Nevertheless, you should buy these for your teen collection. Abraham (who, by the way, is one half of the writing team behind James SA Corey’s The Expanse, which we reviewed the first two volumes of) has done an amazing job of splitting the difference between the novel and the TV show, offering visual, highly accessible experience like HBO, but providing far more detail from the books. Here’s where I admit a dirty secret: I’ve never read the novels. I know! But I’ve spent a lot of time with people who have (including my wife), and I’ve spent many hours poring over the back matter in the novels, with all that great heraldry business (hey, I’m a librarian–I love backmatter). So I can’t speak to the comic’s fidelity to the novels, but I can say that it is fabulously more detailed than the TV show, and the added detail makes sense of many issues which troubled me watching the show. And the comic is certainly a great place to send teens who (like me) love the TV show but are not quite willing to give up their lives to reading several thousand pages of the same story.

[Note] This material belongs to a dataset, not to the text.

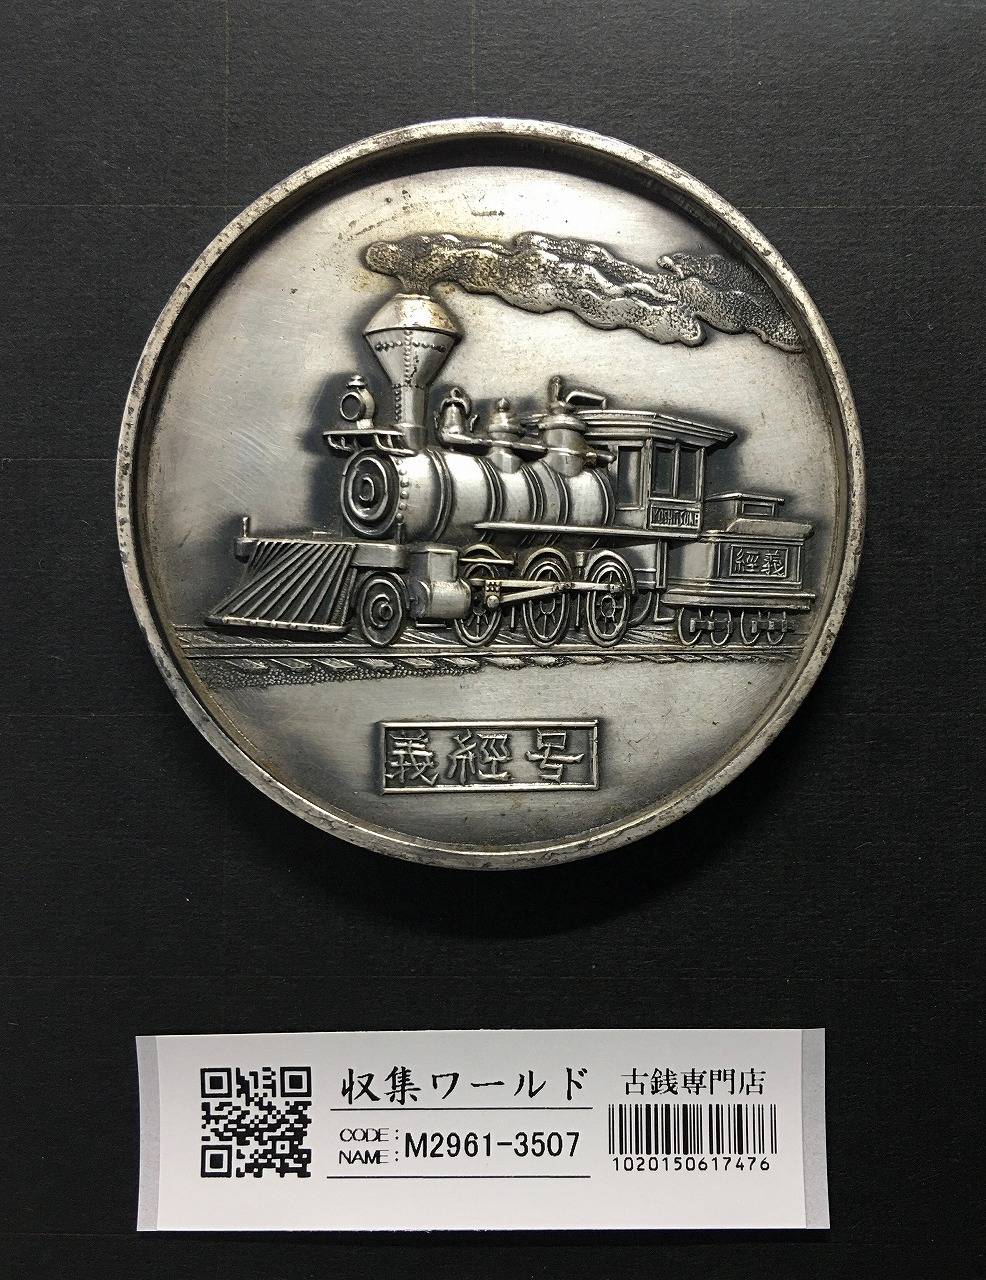 国鉄 蒸気機関車 義経号/鉄道唱歌/記念大型メダル φ69.9mm 1972年 美品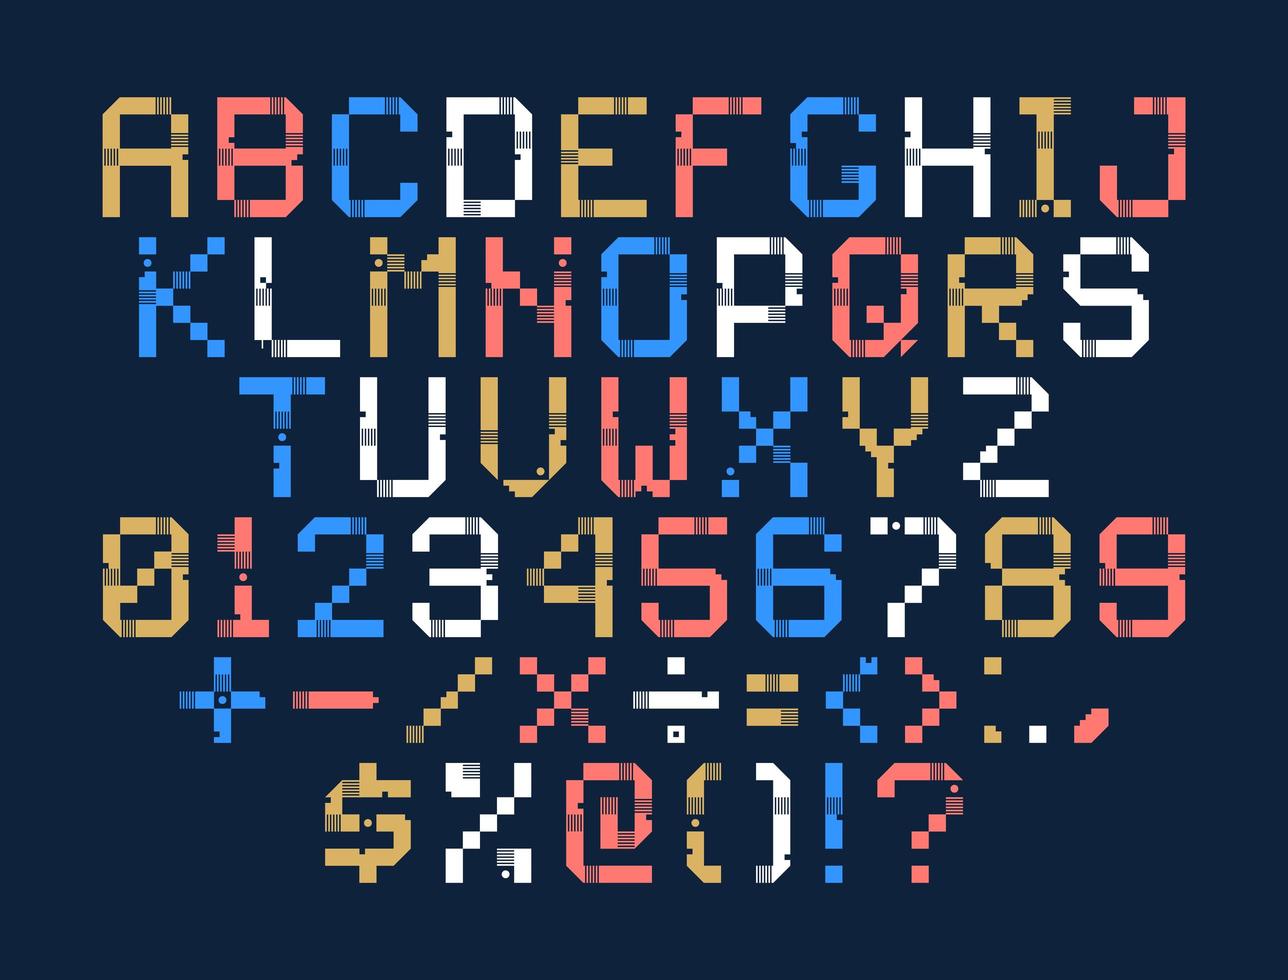 alfabeto del arte del pixel del vector. las letras de colores constan de módulos. letras de tiras, cuadrados y puntos. Alfabeto geométrico para carteles como marcador electrónico. vector

Patterson’s art, meanwhile, is not among the best I’ve seen in a graphic novel–it’s a bit blocky, and he’s not great with facial expressions. But it has its strengths, among them the ability to stay closer to Martin’s descriptions of his characters than the TV show (which has to deal with the pesky business of finding real humans who look like characters), although I miss the smirking face of Jack Gleeson as the slimy Joffrey.
All in all, I very much look forward to Volume 4′s publication, and I hope Abraham and Patterson decide to continue on to A Clash of Kings.